◆ Dataset section:
--*--

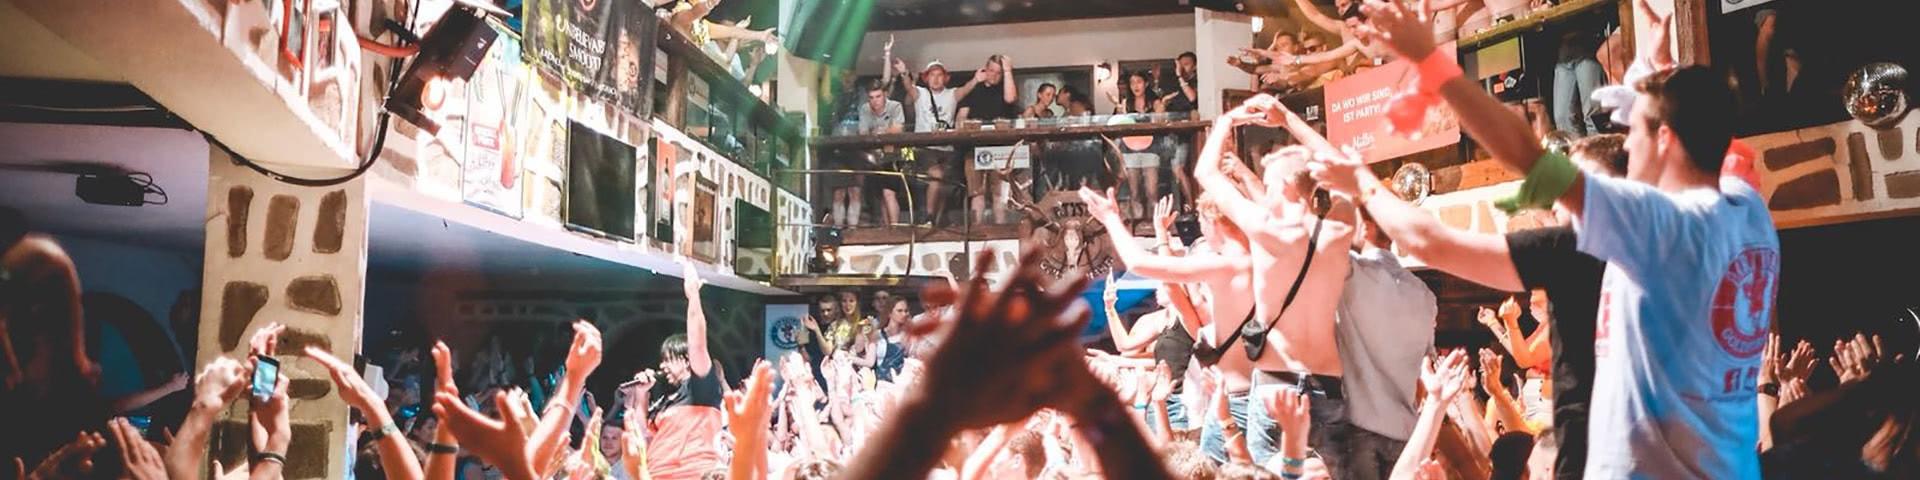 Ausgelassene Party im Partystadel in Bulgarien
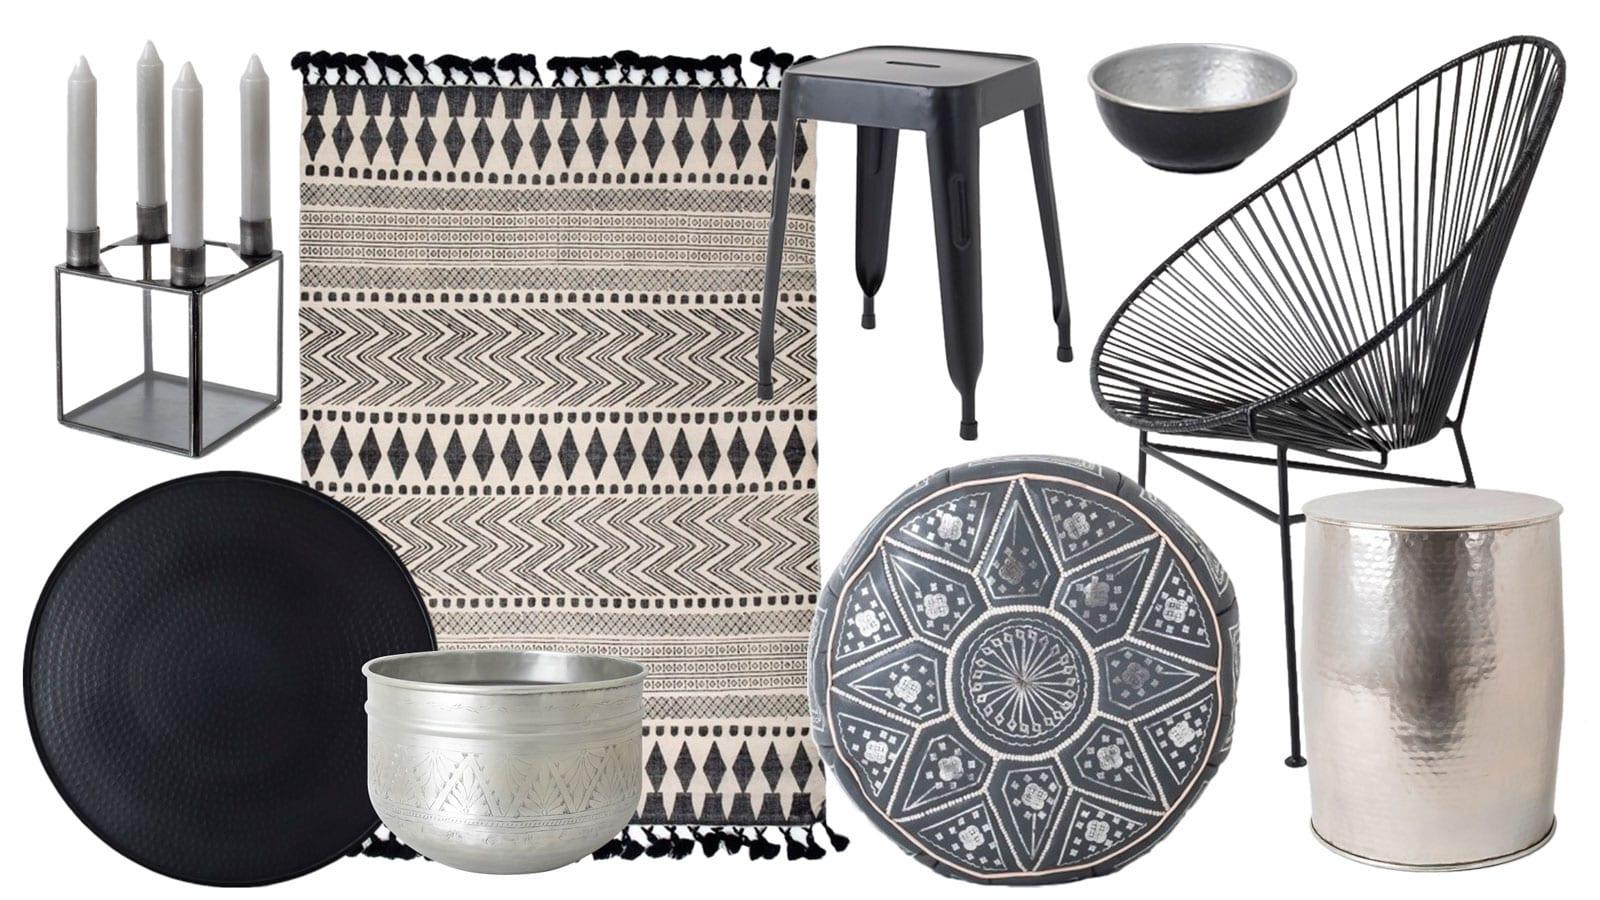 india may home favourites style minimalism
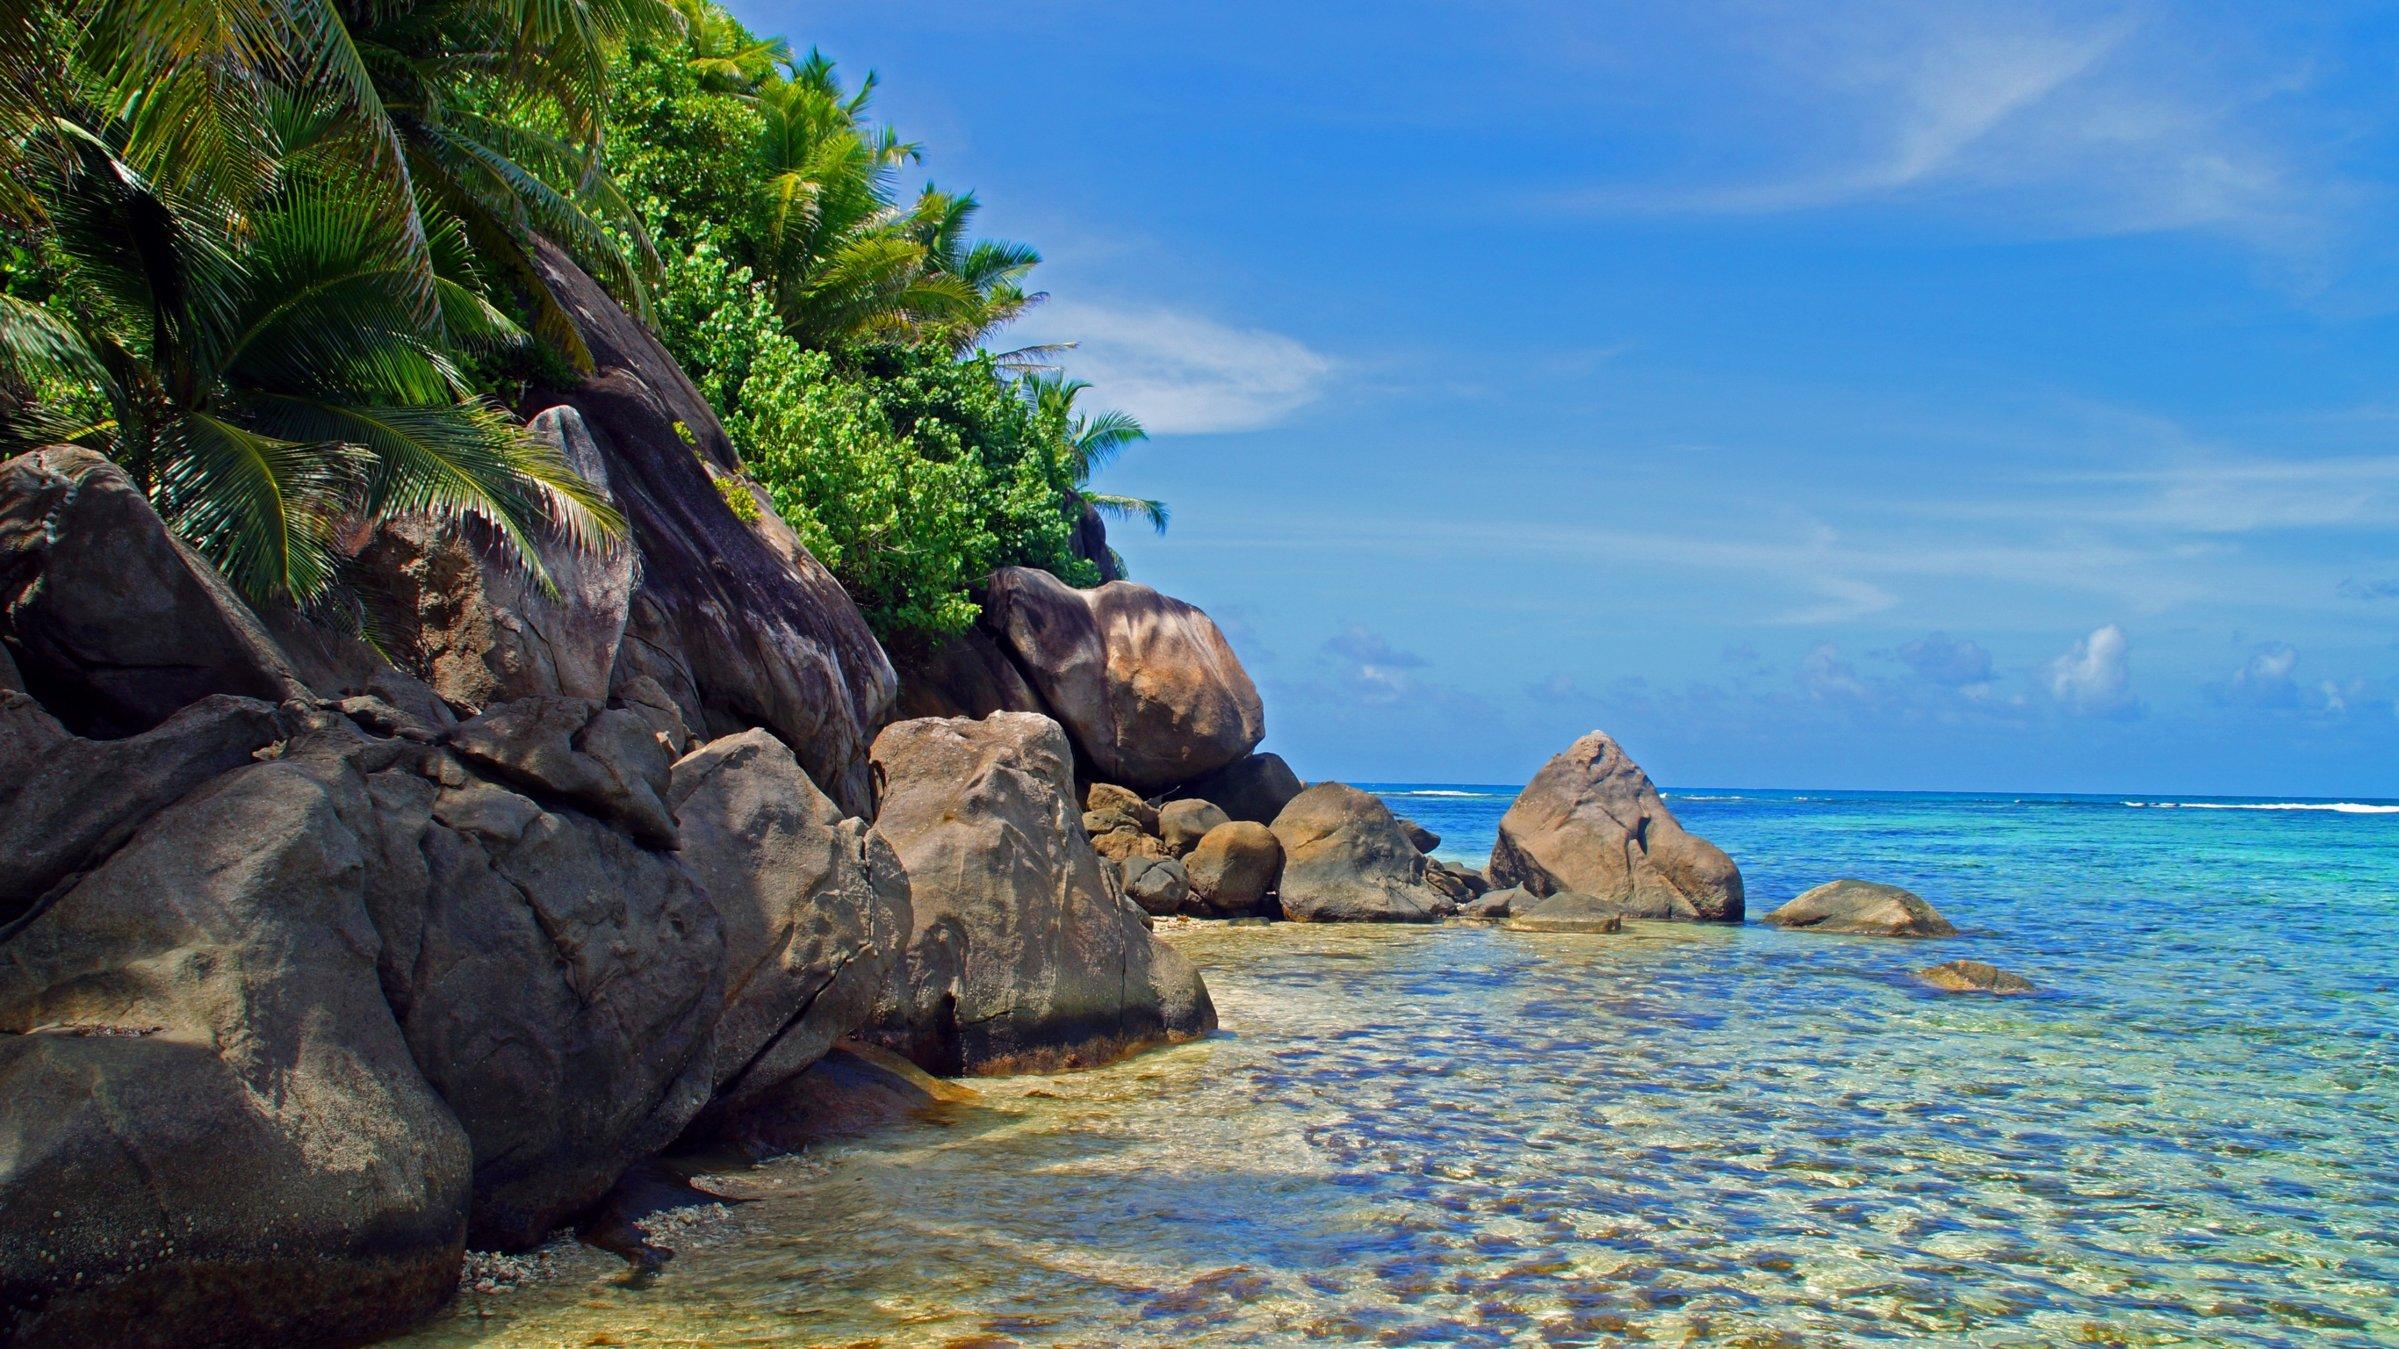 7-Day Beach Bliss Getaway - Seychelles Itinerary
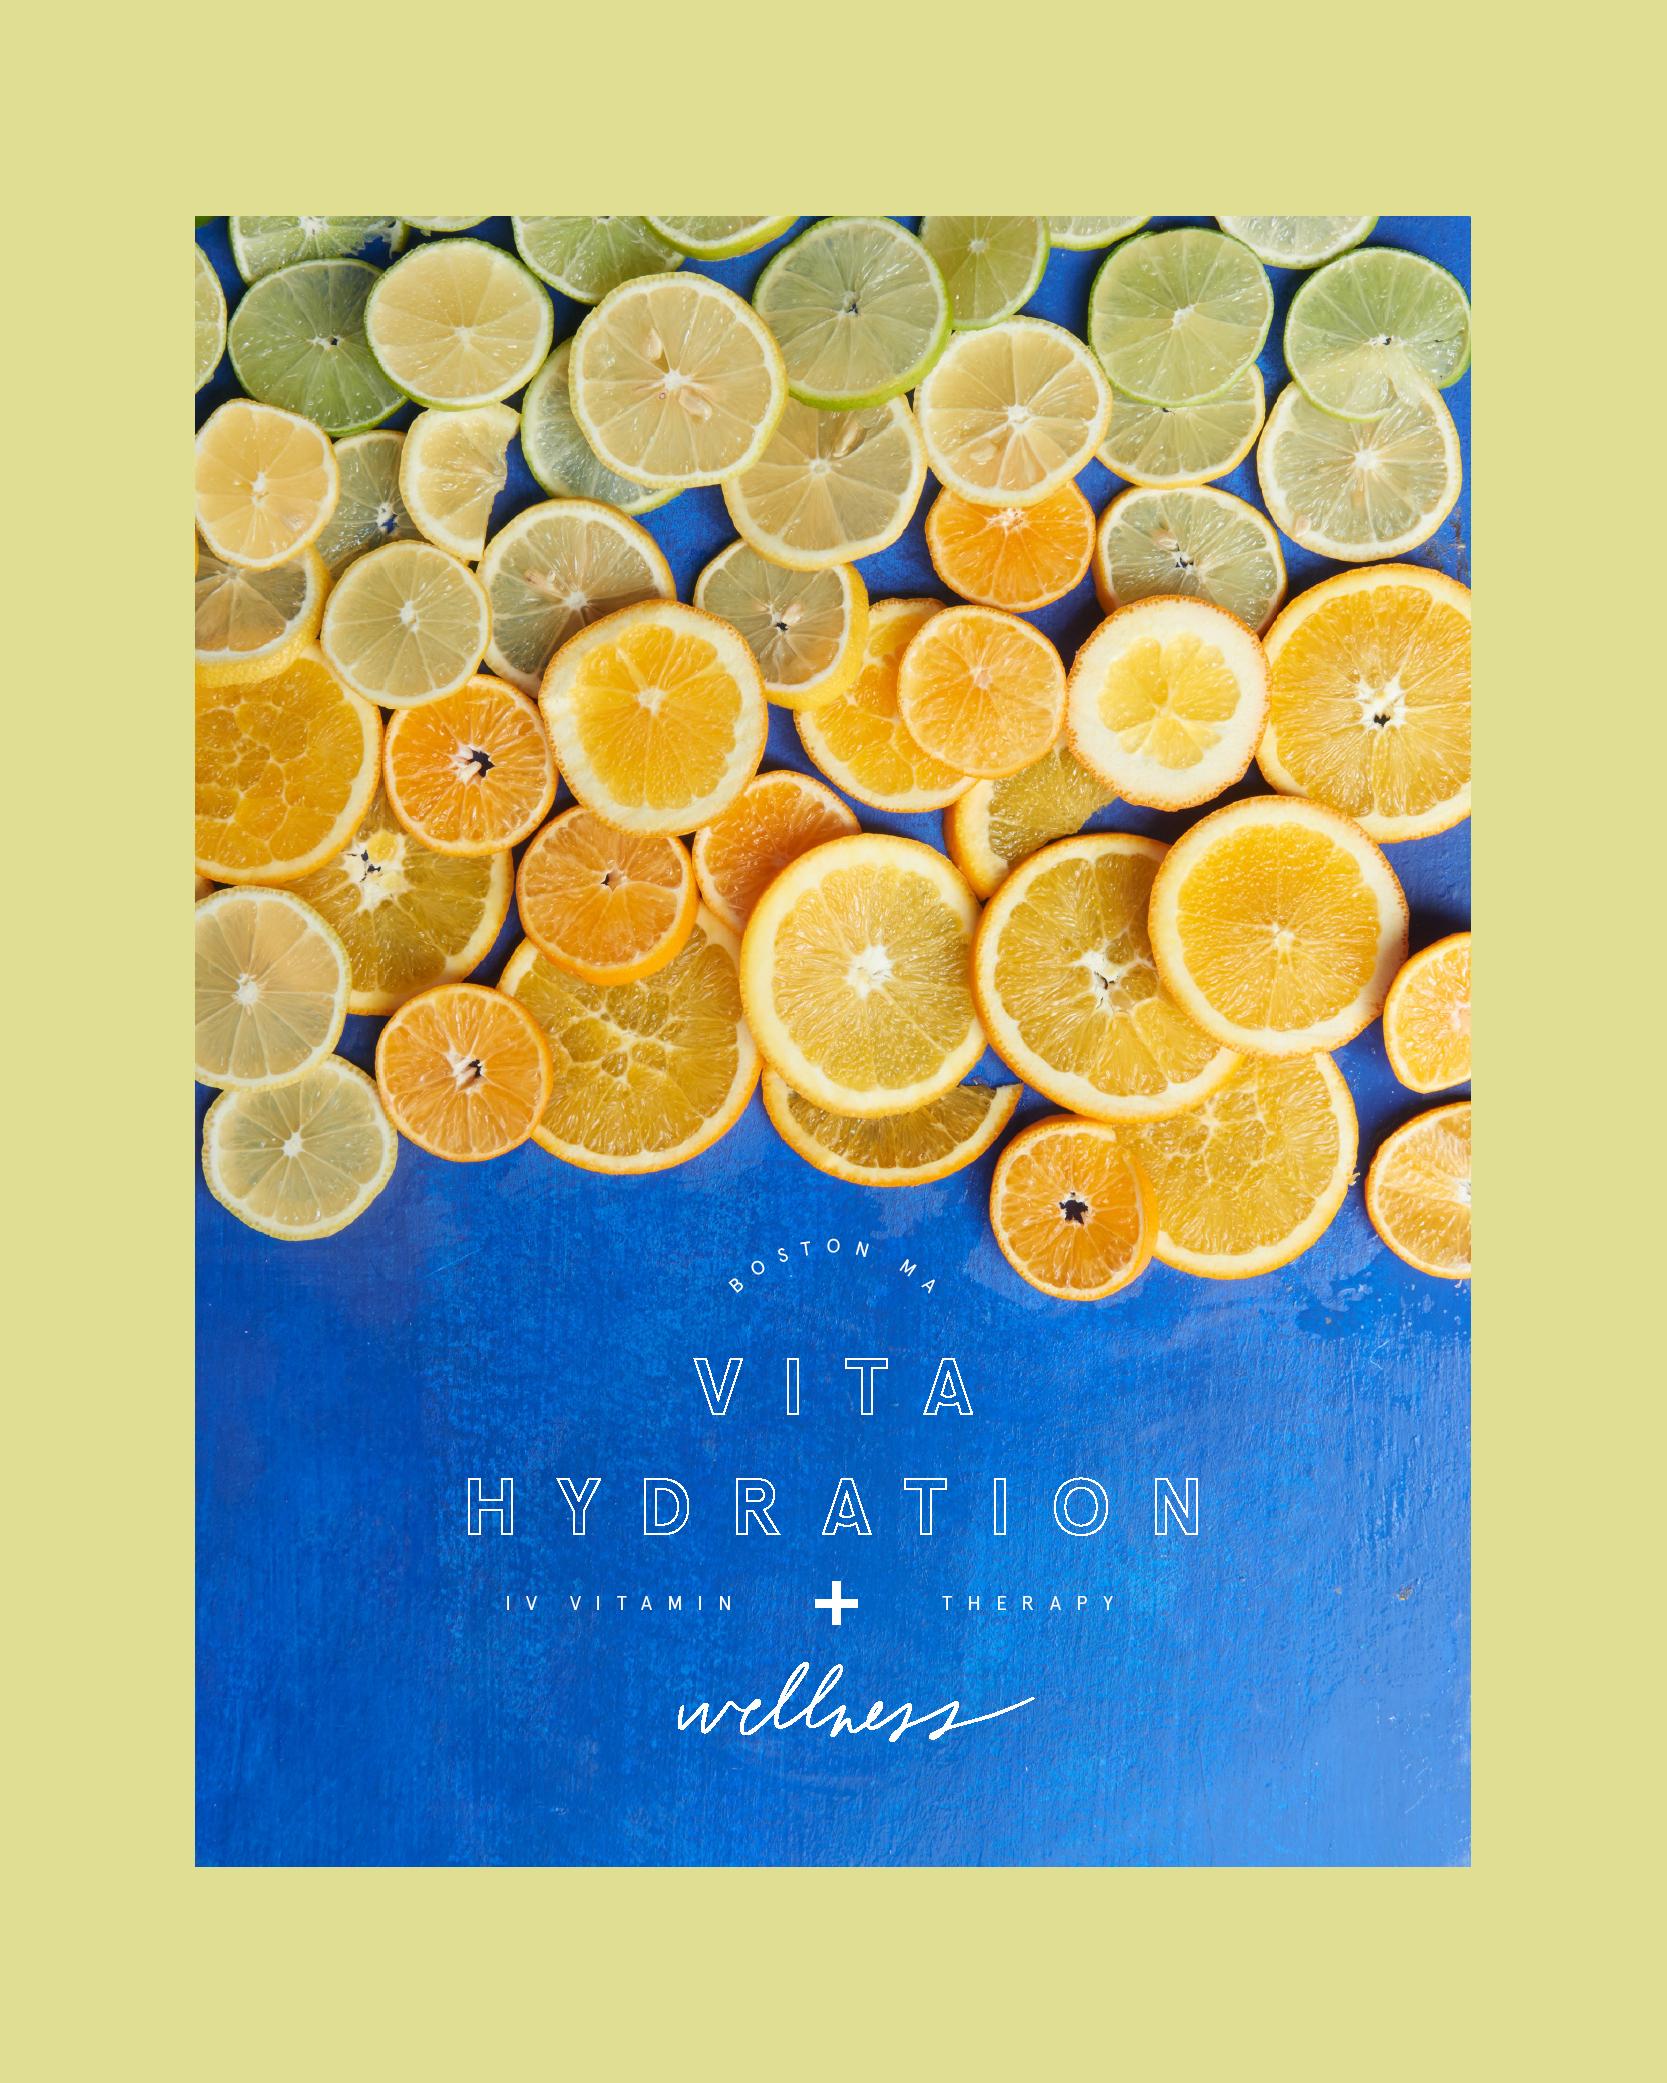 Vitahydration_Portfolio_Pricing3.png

--*--

◆ Task item:
With the pictures omitted, the material is to be transcribed exactly.

◆ Exercise answer:
 Ausgelassene Party im Partystadel in Bulgarien
 india may home favourites style minimalism
 7-Day Beach Bliss Getaway - Seychelles Itinerary
 Vitahydration_Portfolio_Pricing3.png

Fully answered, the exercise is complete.